### WORK TO BE COMPLETED
Please transcribe the data that follows without the pictures, keeping every word the same.

### SOURCE DATA
######
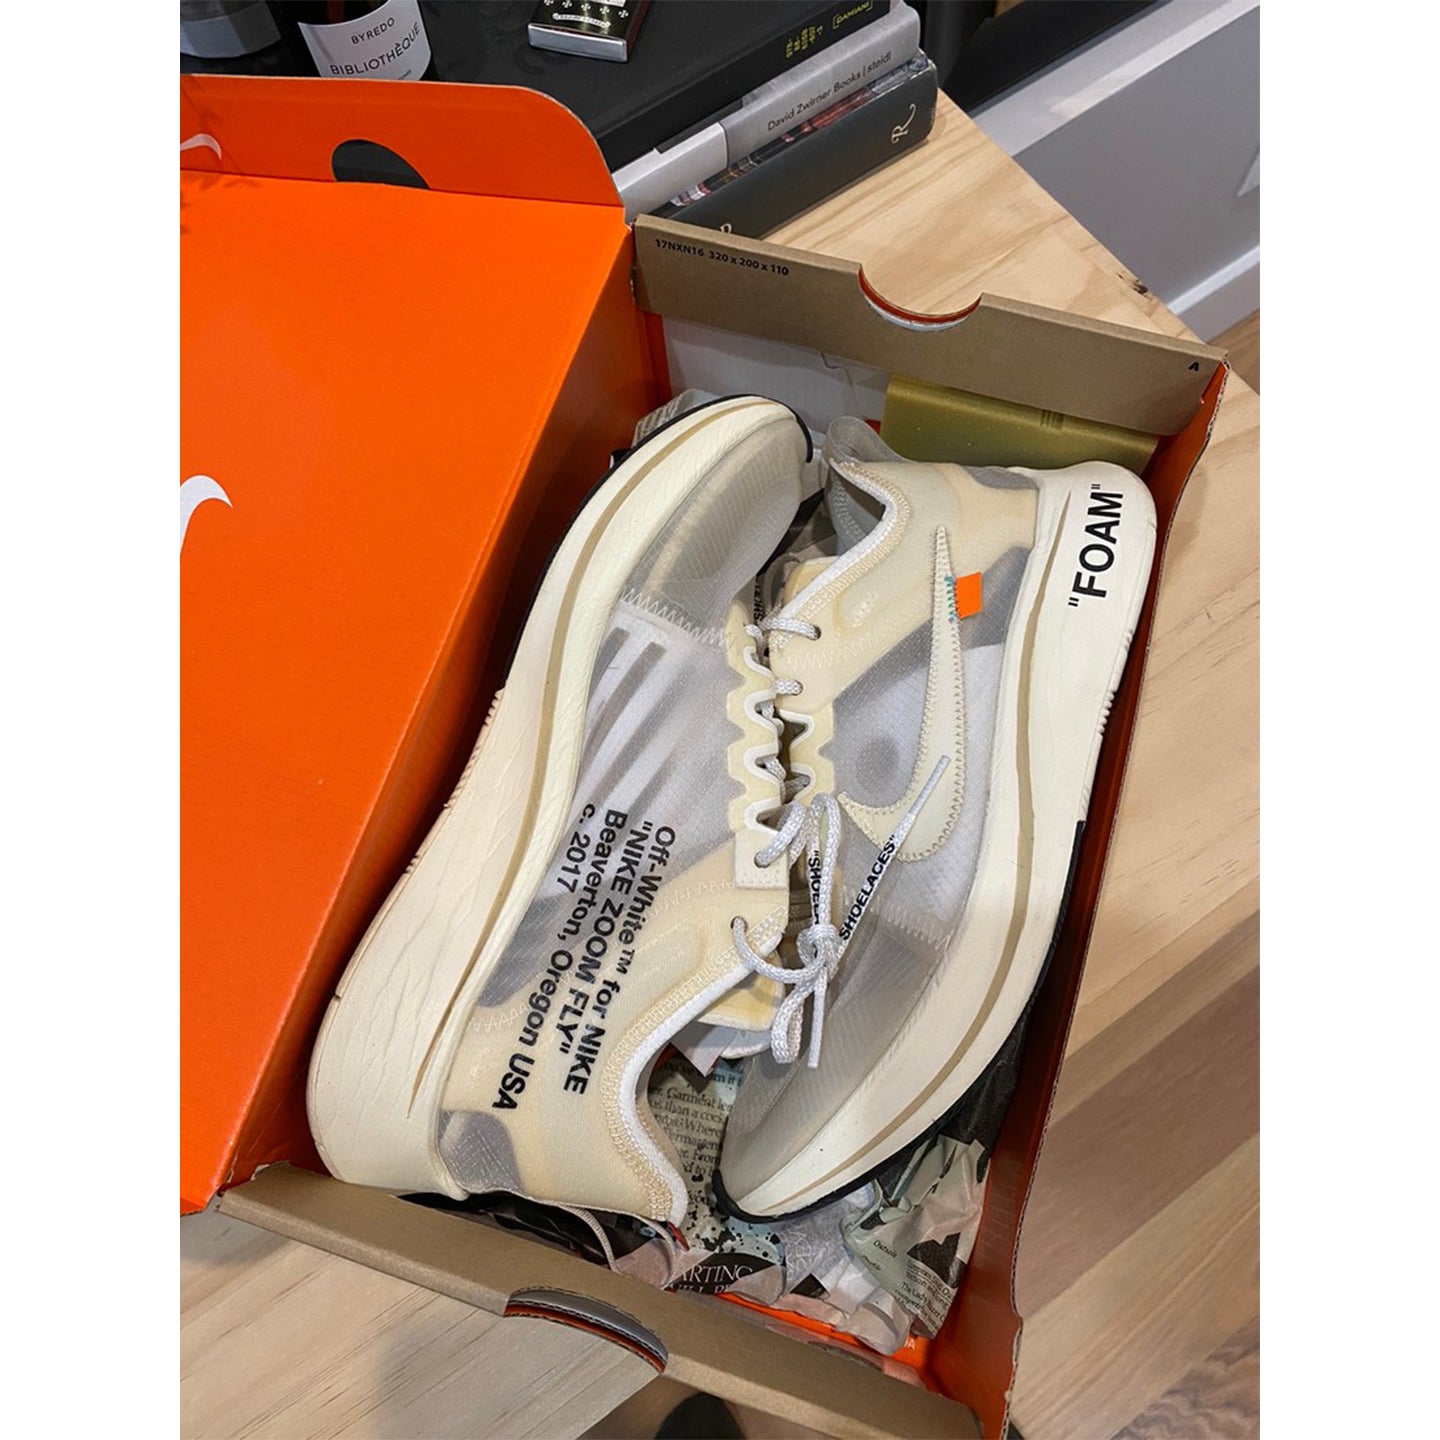 Zoom Fly Off-White The Ten
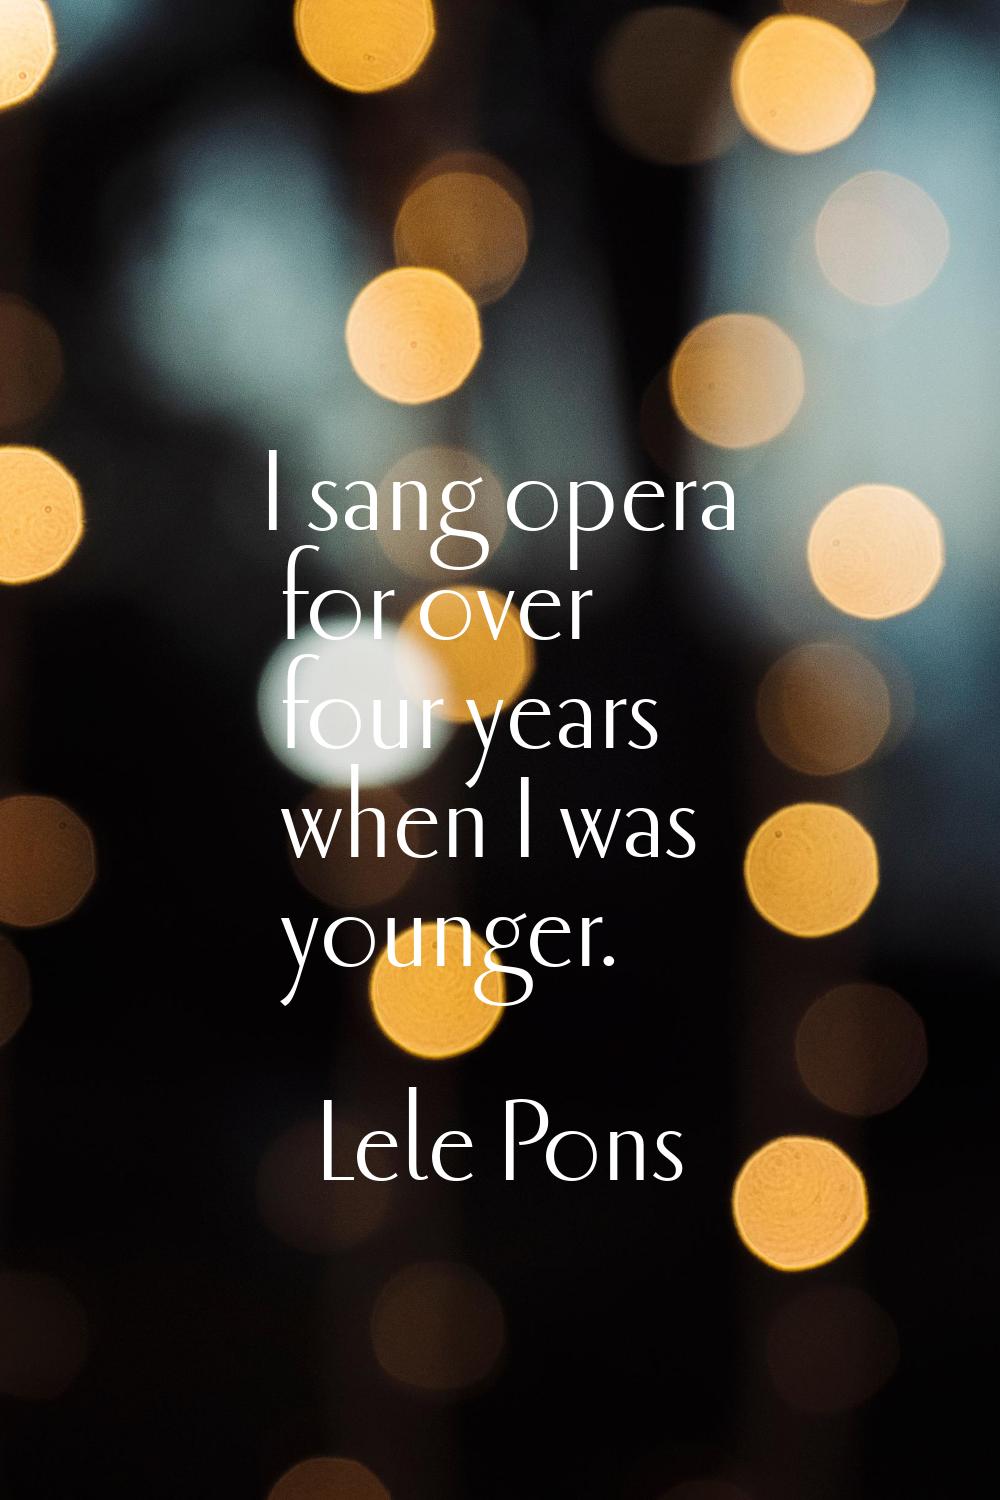 I sang opera for over four years when I was younger.
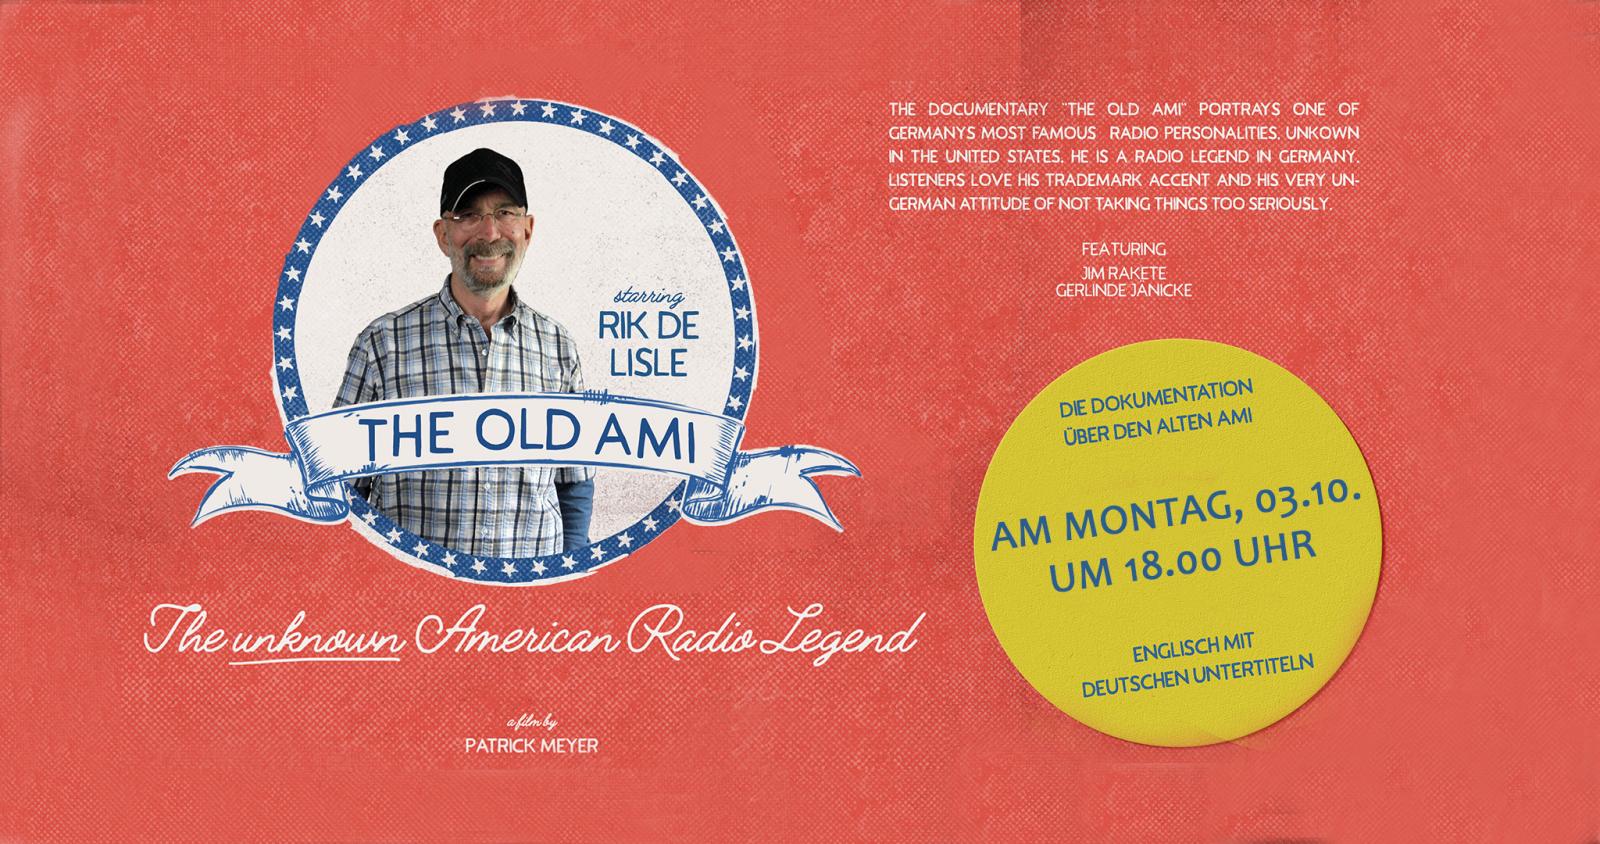 THE OLD AMI - THE UNKNOWN AMERICAN RADIO LEGEND
######
### EXERCISE ANSWER
 Zoom Fly Off-White The Ten
 I sang opera for over four years when I was younger.
 THE OLD AMI - THE UNKNOWN AMERICAN RADIO LEGEND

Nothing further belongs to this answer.